### PROBLEM DESCRIPTION
The answer is the line containing "Villa till salu" plus every line after it to the end of the material, retyped exactly and without the pictures.

### COLLECTED MATERIAL
──────

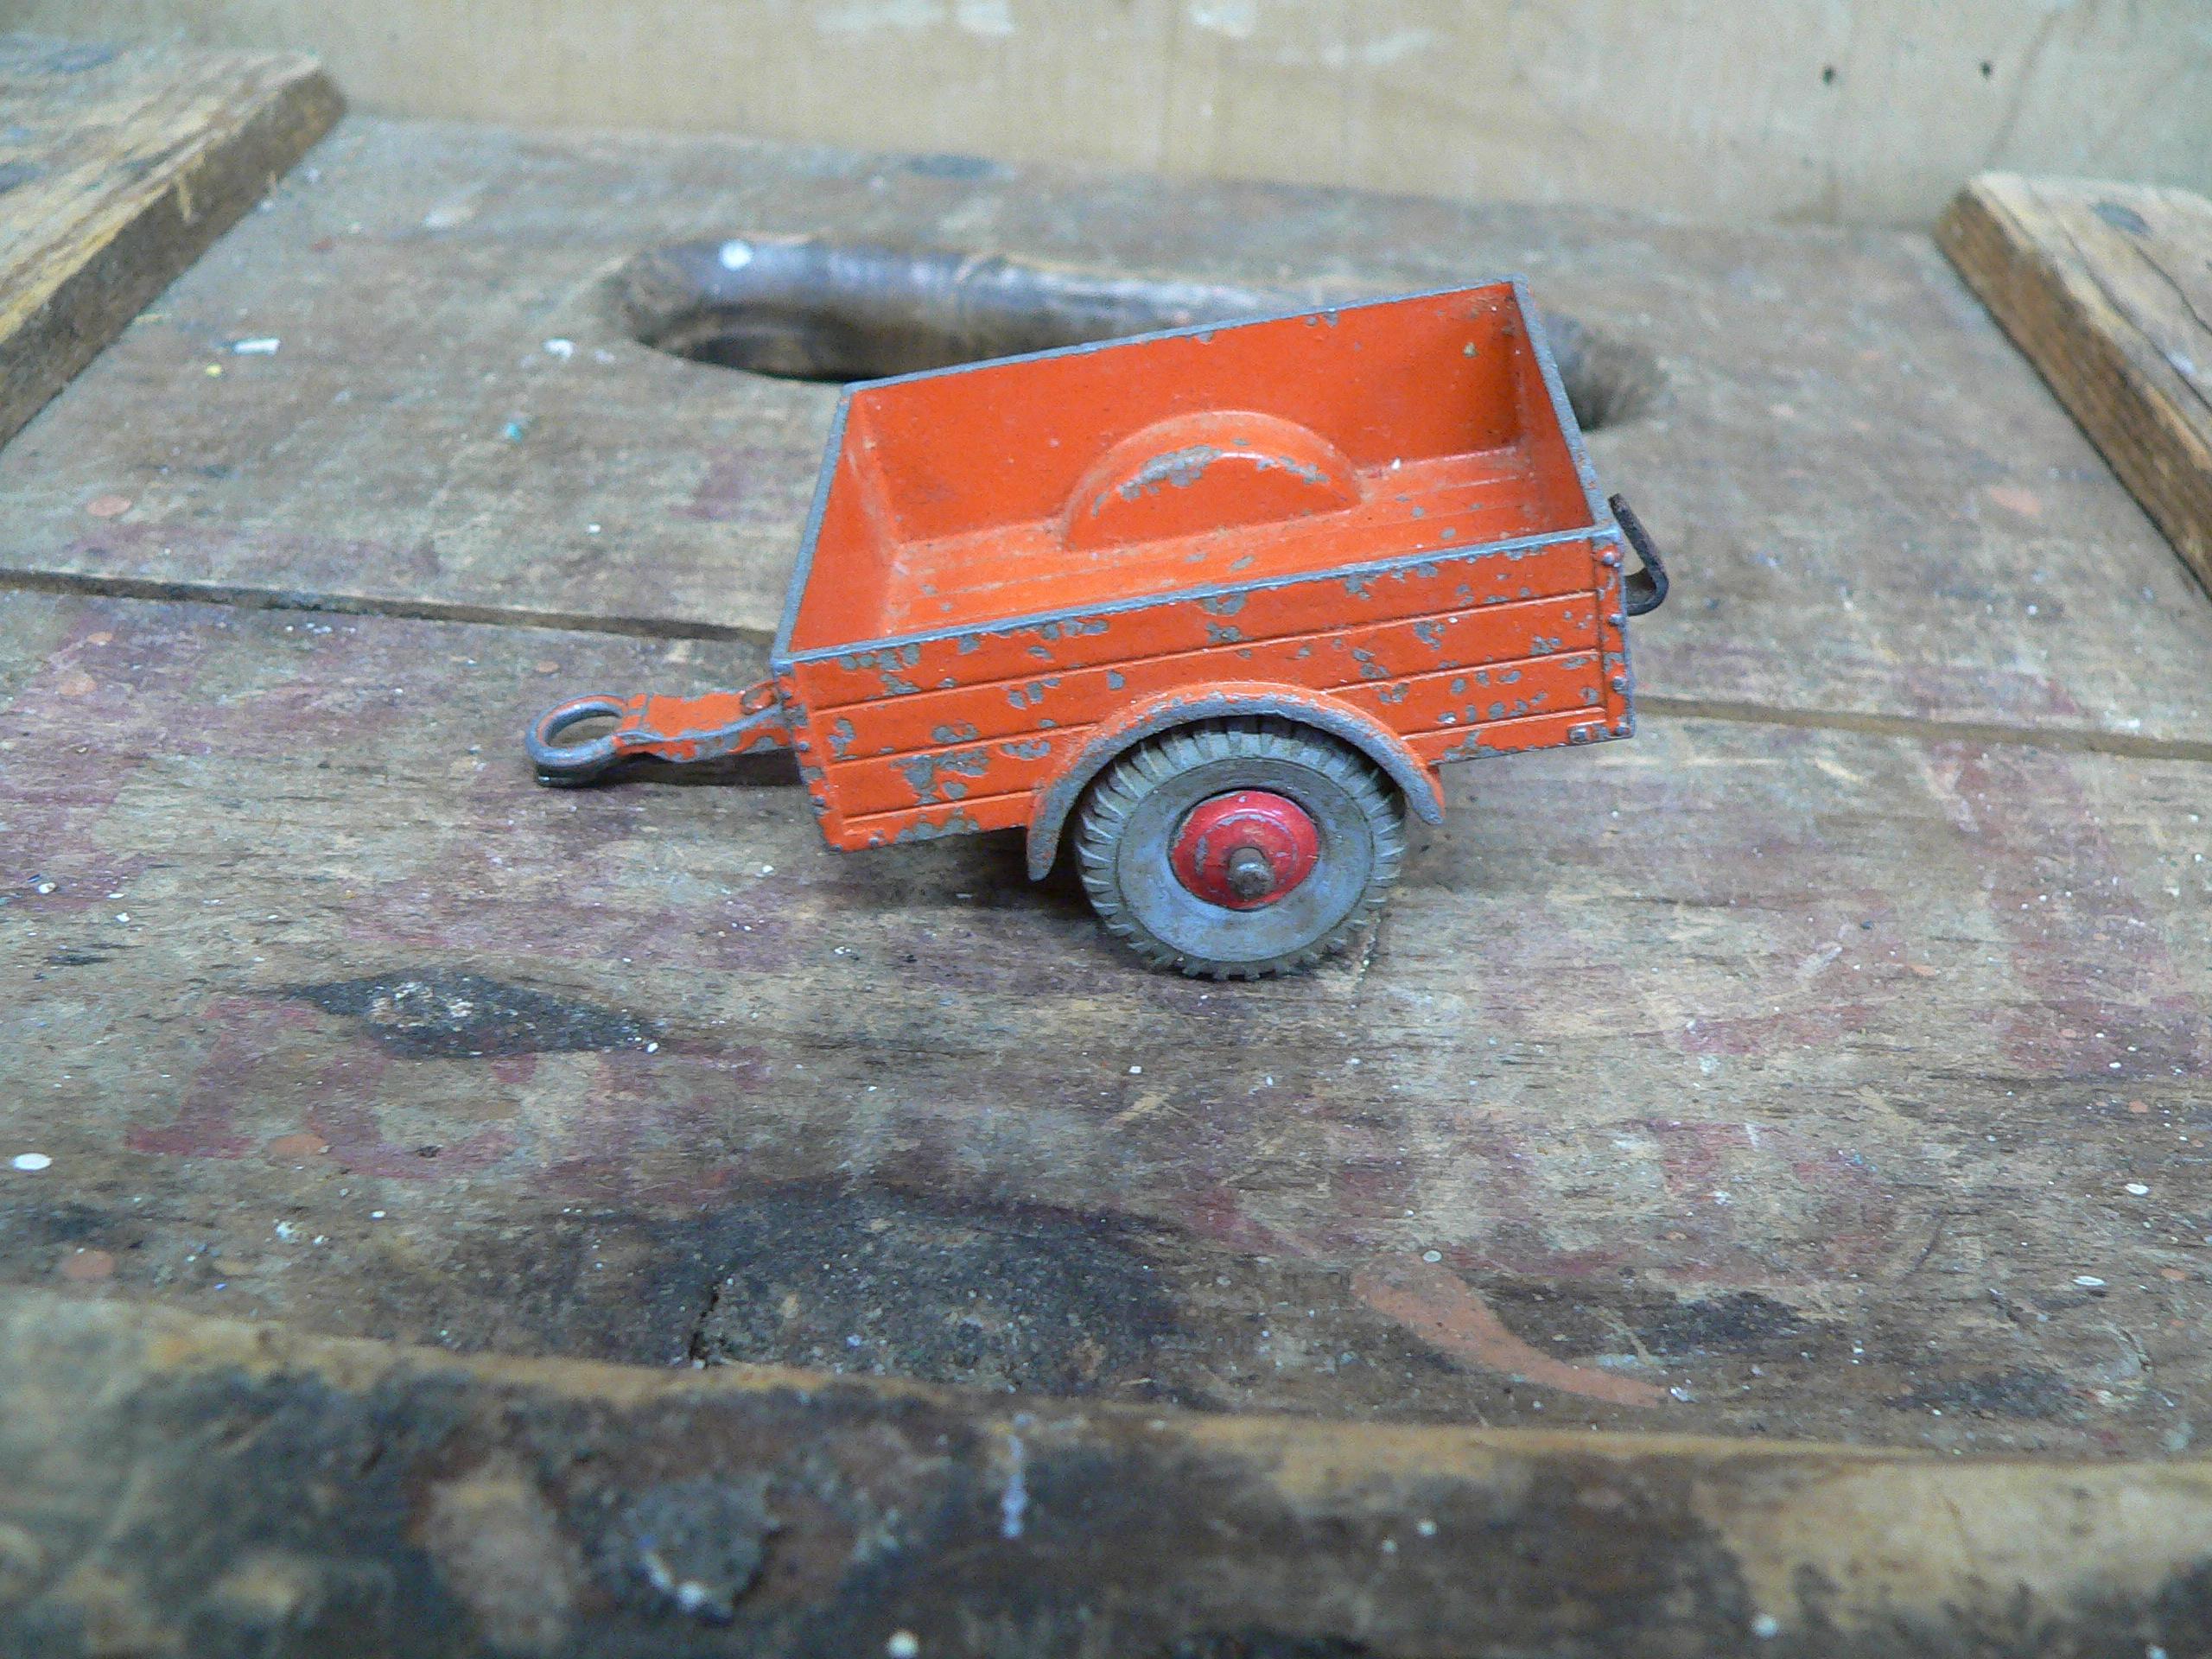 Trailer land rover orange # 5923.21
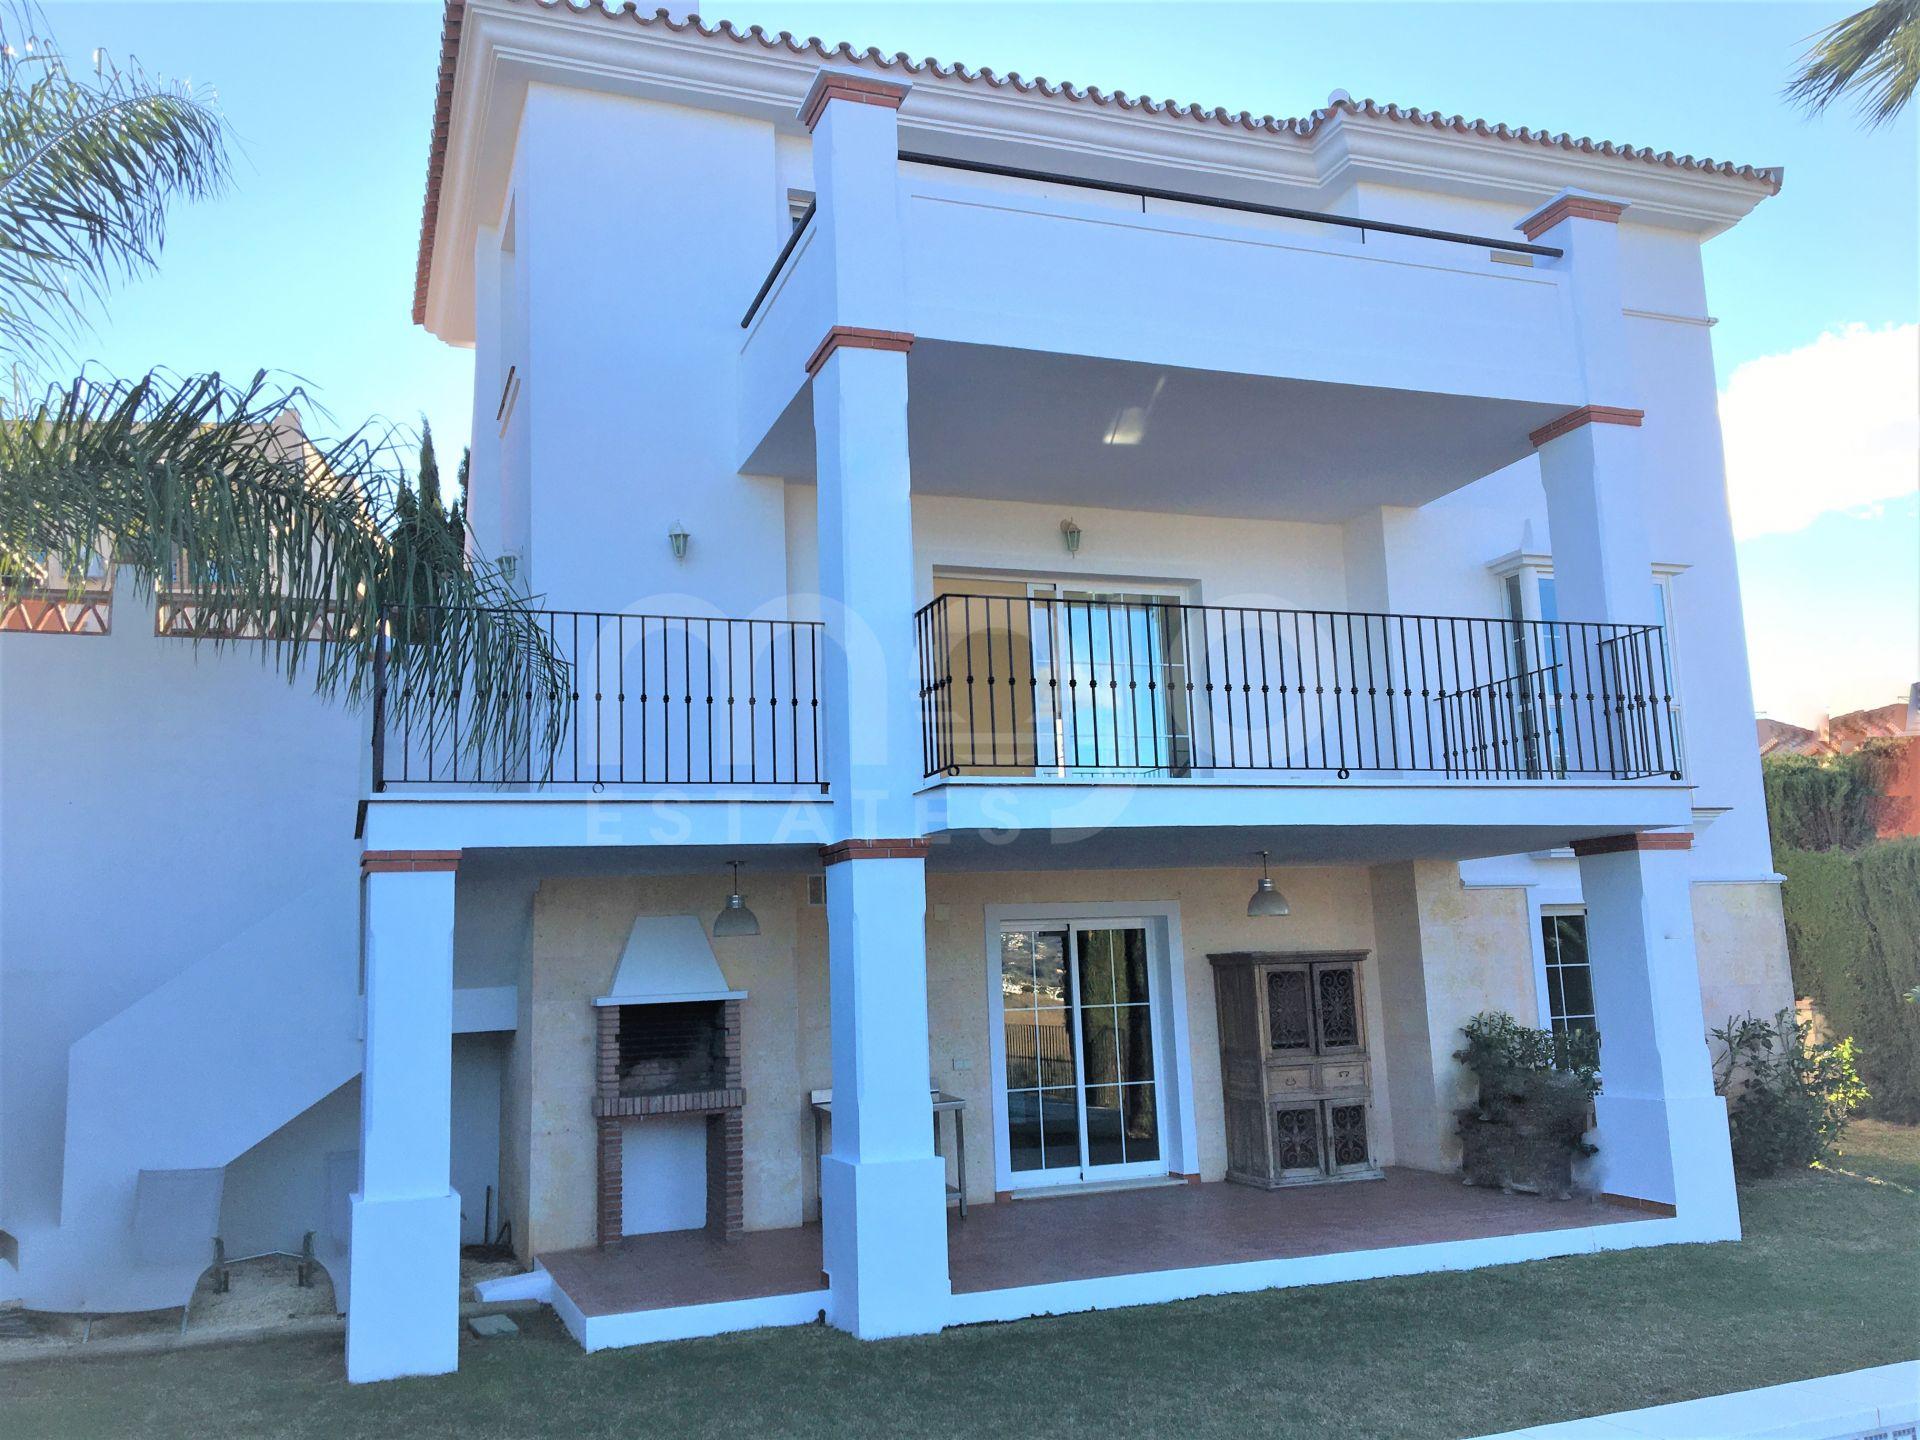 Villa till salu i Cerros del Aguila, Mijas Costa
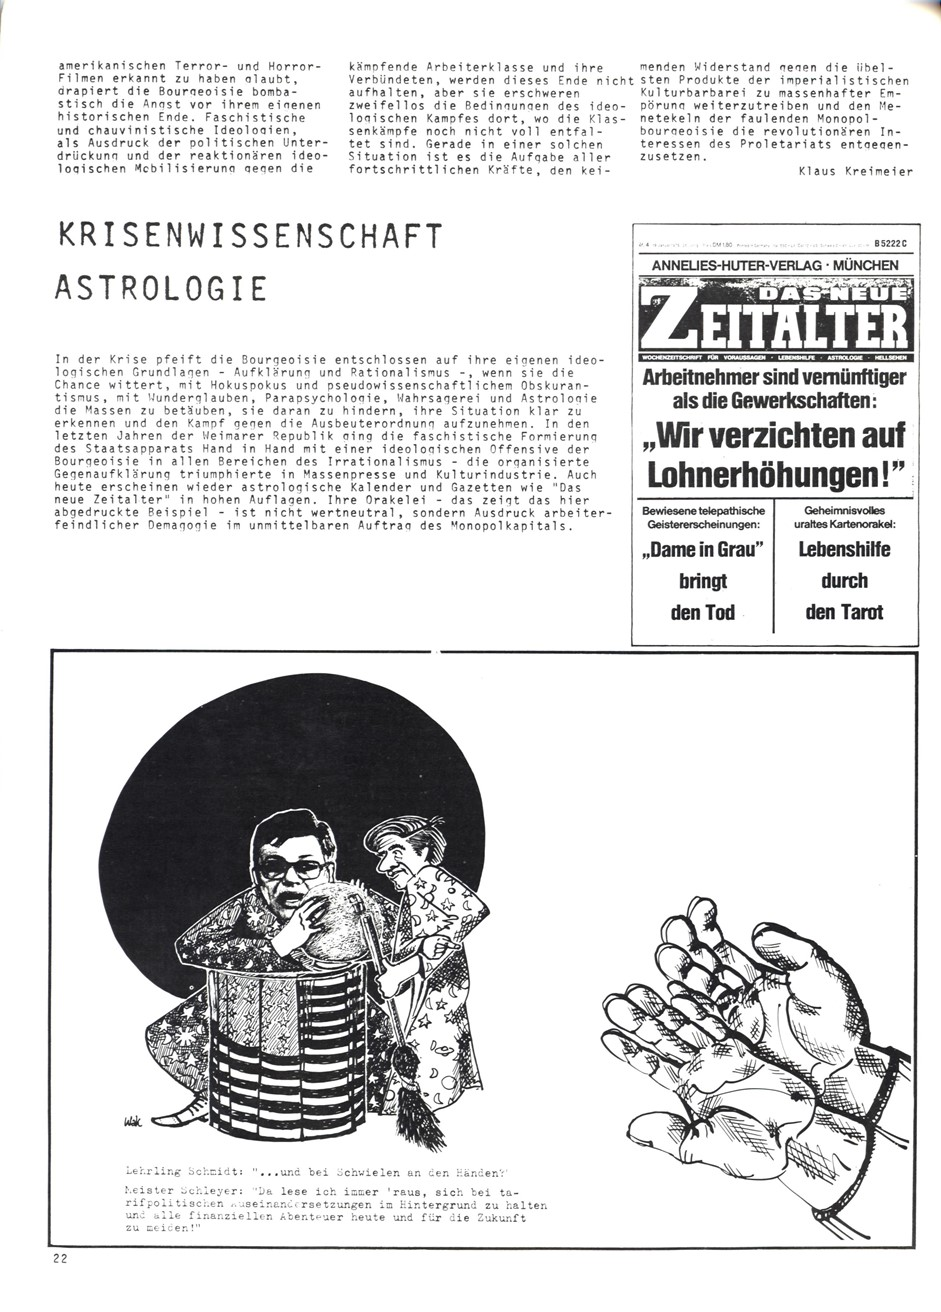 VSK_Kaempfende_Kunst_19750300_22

──────

### TASK RESULT
 Villa till salu i Cerros del Aguila, Mijas Costa
 VSK_Kaempfende_Kunst_19750300_22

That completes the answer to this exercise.